PROBLEM DESCRIPTION> The answer is the line containing "ポンパレ for Android - ダウンロード" plus every line after it to the end of the material, retyped exactly and without the pictures.

DATA PROVIDED>
● ● ● ● ●

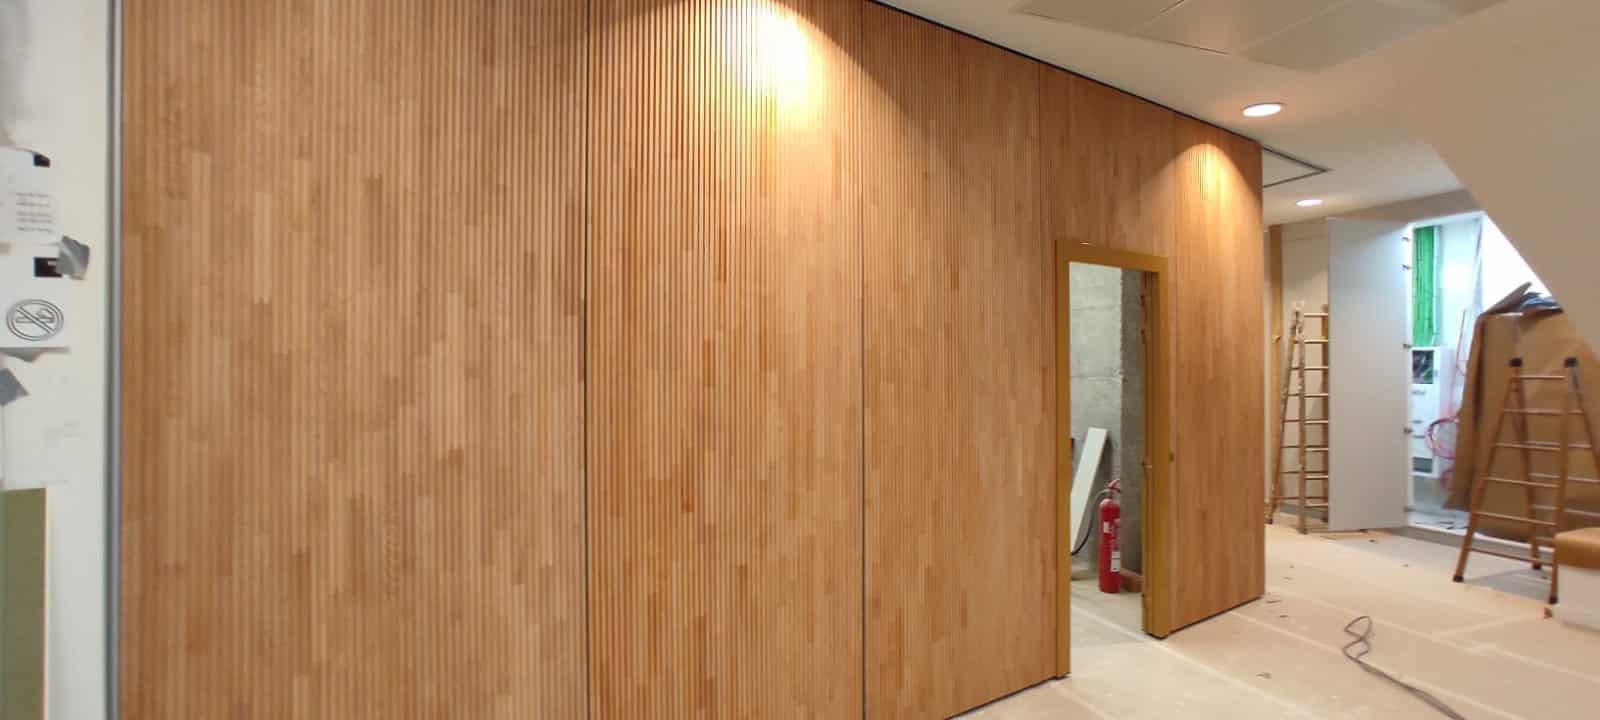 Tabique móvil de madera en oficina - Vimetra.com
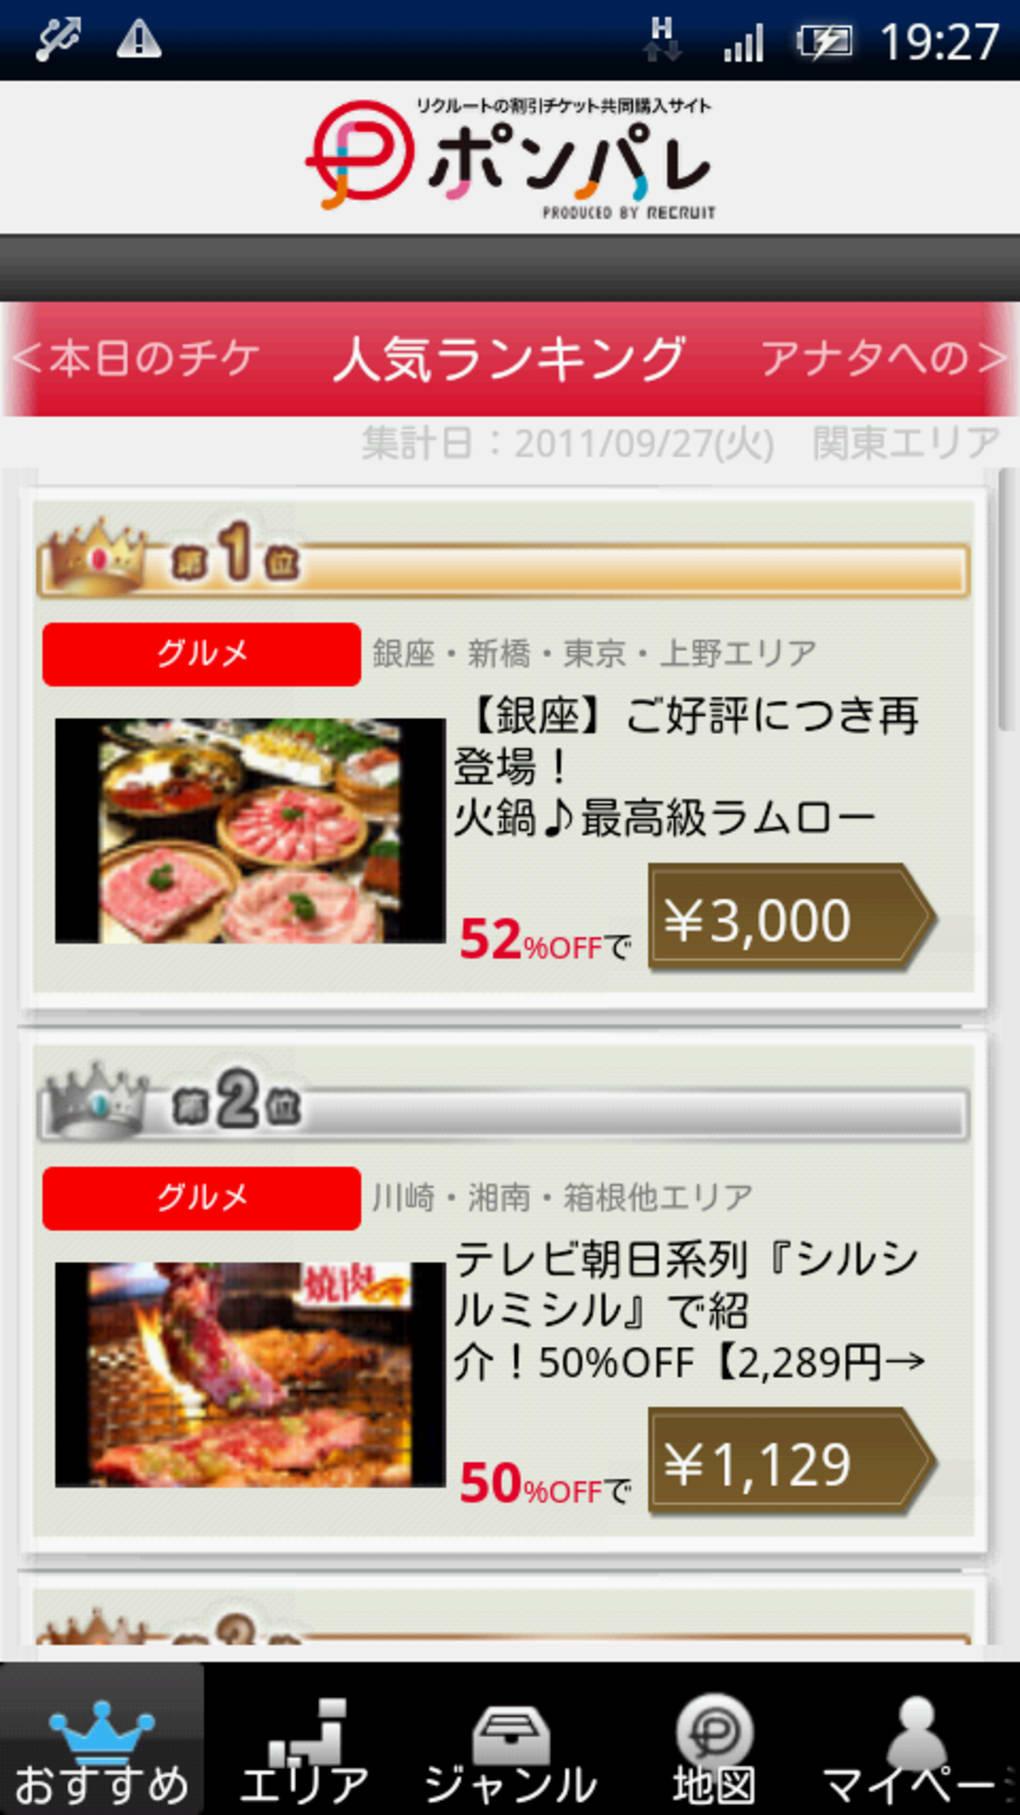 ポンパレ for Android - ダウンロード
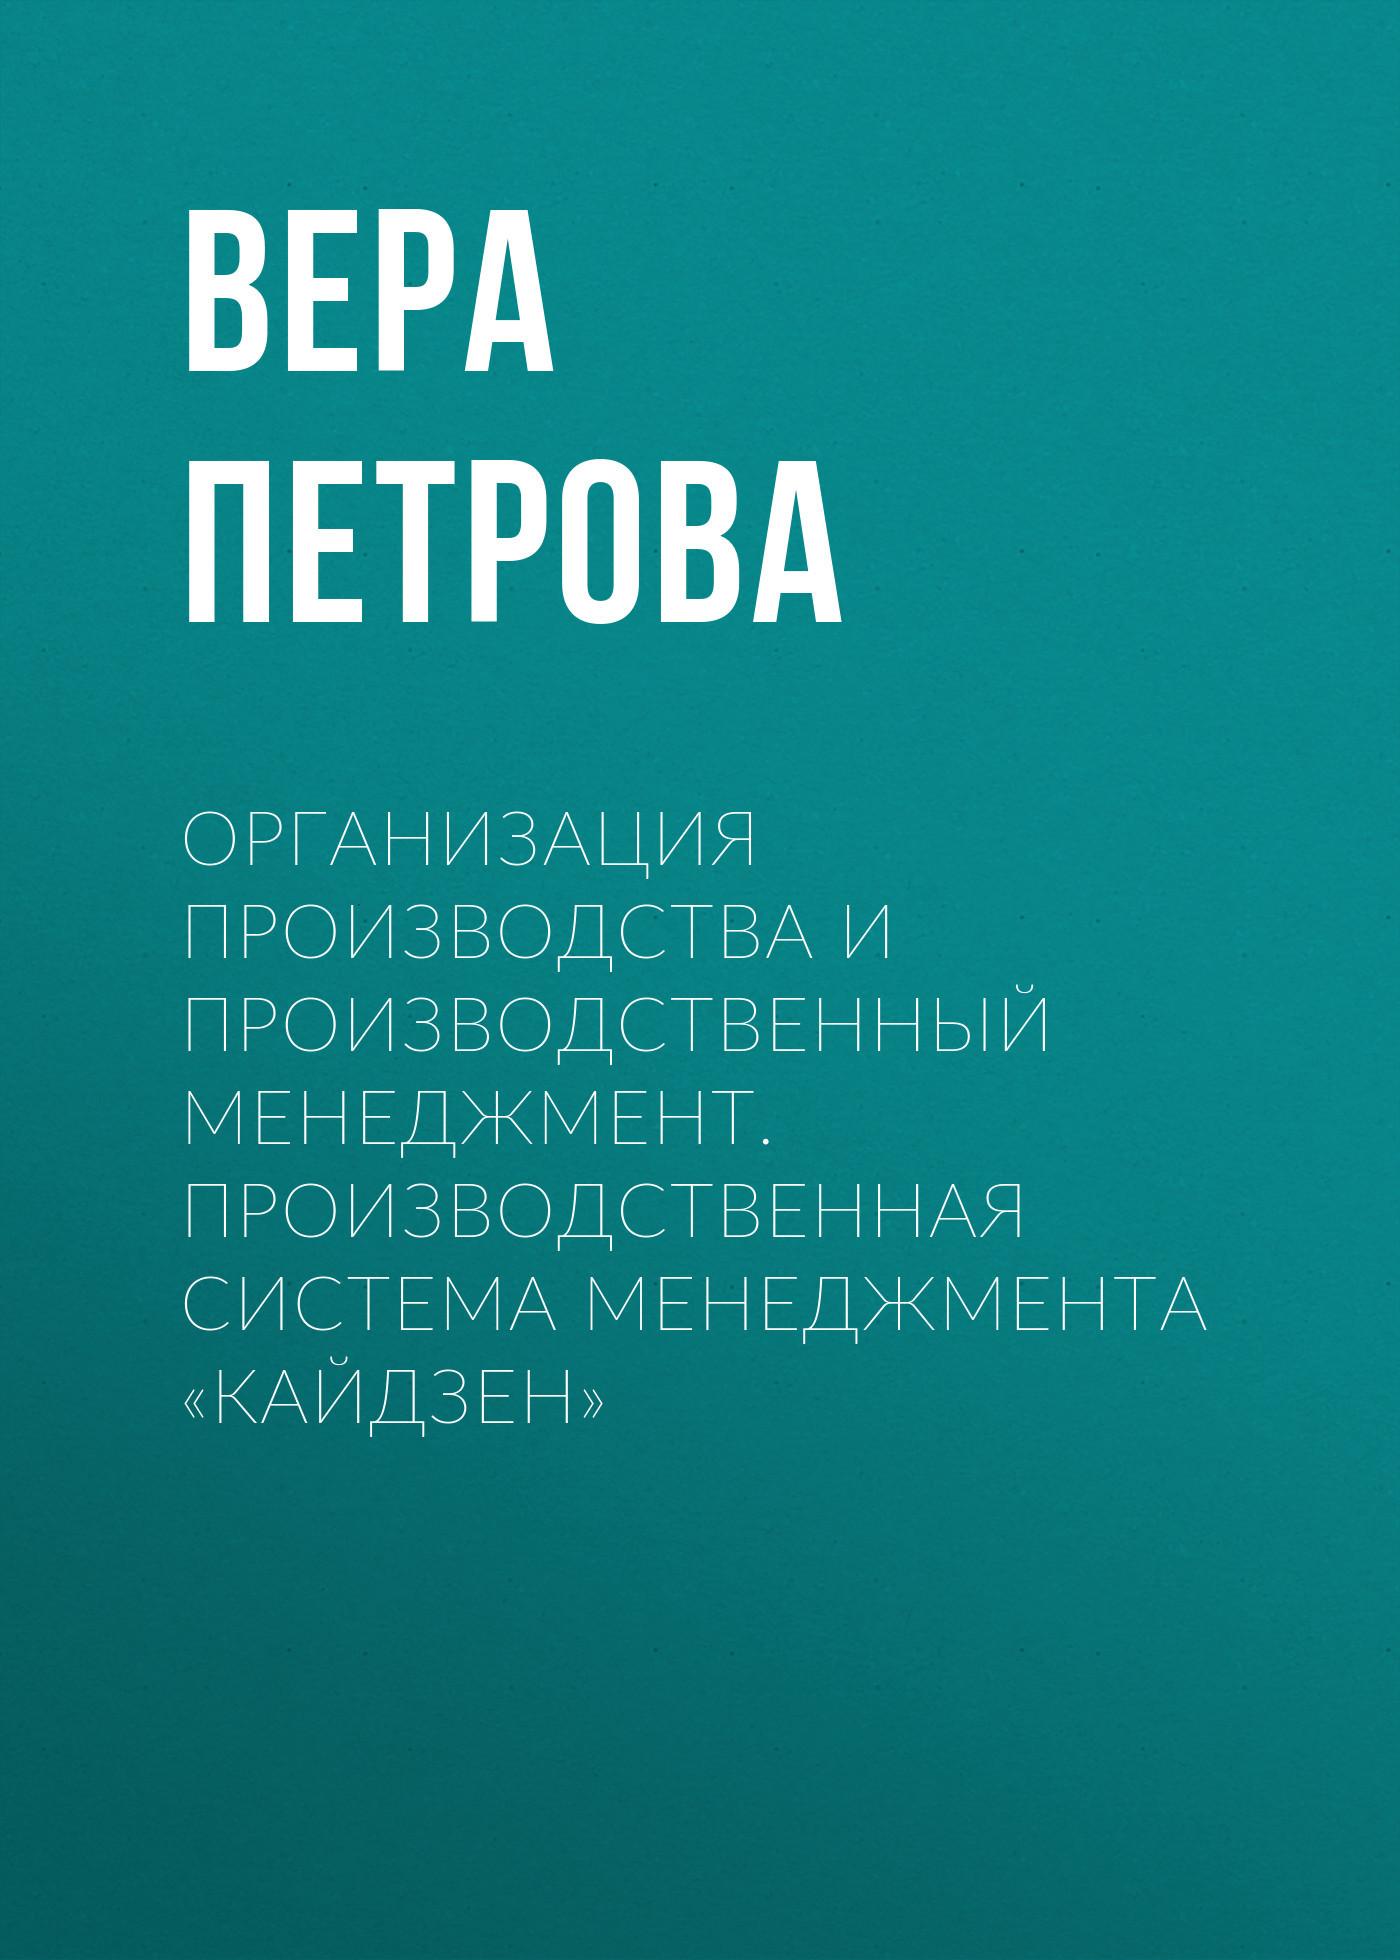 Вера Петрова. Организация производства и производственный менеджмент. Производственная система менеджмента «Кайдзен»

● ● ● ● ●

SOLUTION FOR THIS EXERCISE>
 ポンパレ for Android - ダウンロード
 Вера Петрова. Организация производства и производственный менеджмент. Производственная система менеджмента «Кайдзен»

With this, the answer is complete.